What are the chances that your weights will end up producing negative numbers for *all* inputs into a given neuron? It's hard to answer this in general, but one way in which this can happen is when you make too large of an update to the weights. Recall that neural networks are typically trained by minimizing a loss function $L(W)$ with respect to the weights using gradient descent. That is, weights of a neural network are the "variables" of the function $L$ (the loss depends on the dataset, but only implicitly: it is typically the sum over each training example, and each example is effectively a constant). Since the gradient of any function always points in the direction of steepest increase, all we have to do is calculate the gradient of $L$ with respect to the weights $W$ and move in the opposite direction a little bit, then rinse and repeat. That way, we end up at a (local) minimum of $L$. Therefore, if your inputs are on roughly the same scale, a large step in the direction of the gradient can leave you with weights that give similar inputs which can end up being negative.

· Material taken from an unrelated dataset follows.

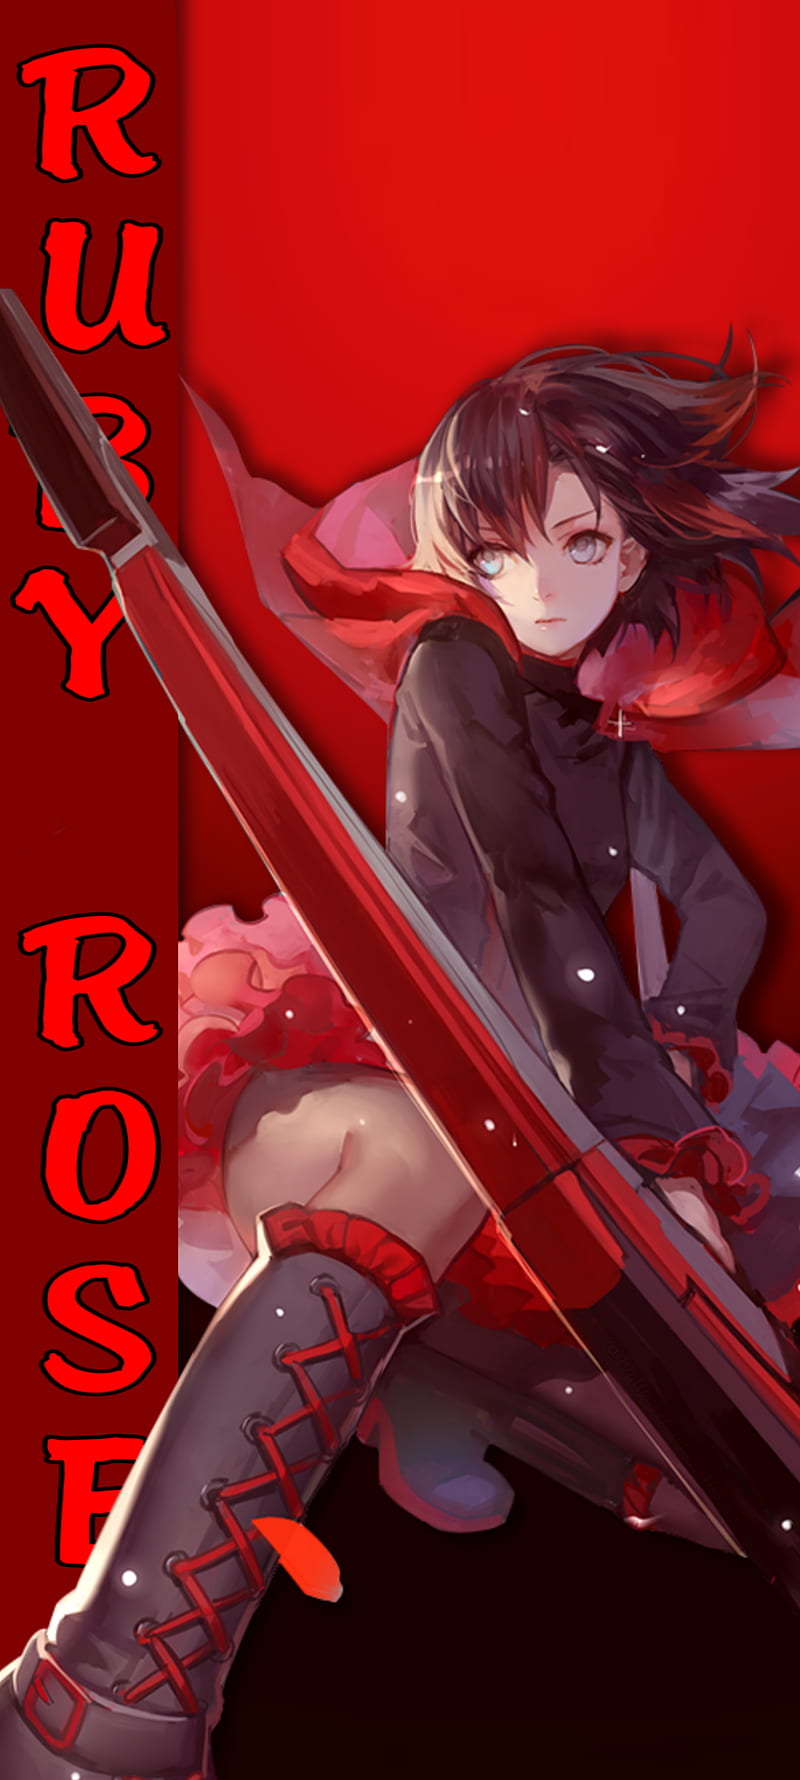 Hình nền : Anime cô gái, nghệ thuật số, fanart, Nhân vật Ruby Rose, Mũi, Ruby  Rose RWBY, Silver Eyes, tóc ngắn, tóc đen, váy 3507x2480 - AksumkA -  1803641 - Hình nền đẹp hd - WallHere
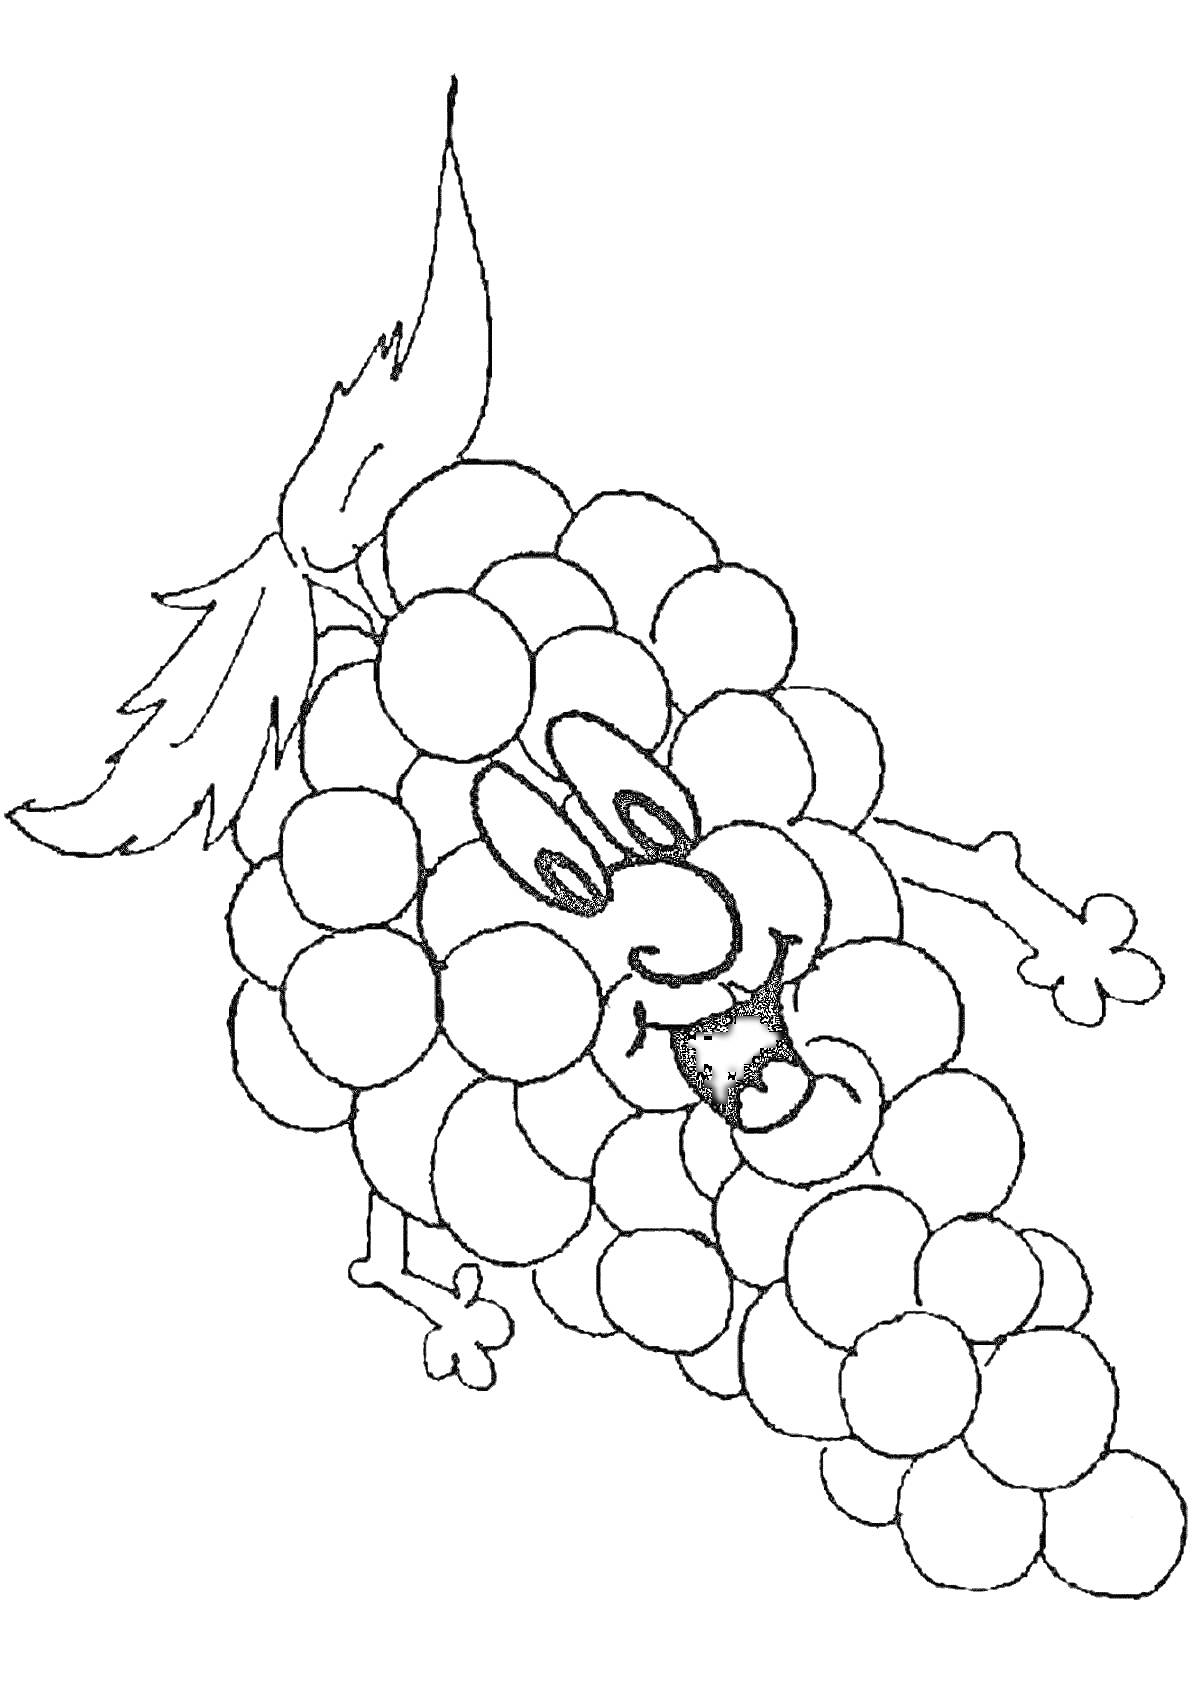 Раскраска Виноградная гроздь с лицом, руками и листьями

In general, what happens depends on how information flows through the network. You can imagine that as training goes on, the values neurons produce can drift around and make it possible for the weights to kill all data flow through some of them. (Sometimes, they may leave these unfavorable configurations due to weight updates earlier in the network, though!). I explored this idea in a blog post about weight initialization -- which can also contribute to this problem -- and its relation to data flow. I think my point here can be illustrated by a plot from that article:

The plot displays activations in a 5 layer Multi-Layer Perceptron with ReLU activations after one pass through the network with different initialization strategies. You can see that depending on the weight configuration, the outputs of your network can be choked off.

# Mathematical Appendix

Mathematically if $L$ is your network's loss function, $x_j^{(i)}$ is the output of the $j$-th neuron in the $i$-th layer, $f(s) = \max(0, s)$ is the ReLU neuron, and $s^{(i)}_j$ is the linear input into the $(i+1)$-st layer, then by the chain rule the derivative of the loss with respect to a weight connecting the $i$-th and $(i+1)$-st layers is

$$
\frac{\partial L}{\partial w_{jk}^{(i)}} = \frac{\partial L}{\partial x_k^{(i+1)}} \frac{\partial x_k^{(i+1)}}{\partial w_{jk}^{(i)}}\,.
$$

The first term on the right can be computed recursively. The second term on the right is the only place directly involving the weight $w_{jk}^{(i)}$ and can be broken down into

$$
\begin{align*}
\frac{\partial{x_k^{(i+1)}}}{\partial w_{jk}^{(i)}} &= \frac{\partial{f(s^{(i)}_j)}}{\partial s_j^{(i)}} \frac{\partial s_j^{(i)}}{\partial w_{jk}^{(i)}} \\
&=f'(s^{(i)}_j)\, x_j^{(i)}.
\end{align*}
$$

From this you can see that if the outputs are always negative, the weights leading into the neuron are not updated, and the neuron does not contribute to learning.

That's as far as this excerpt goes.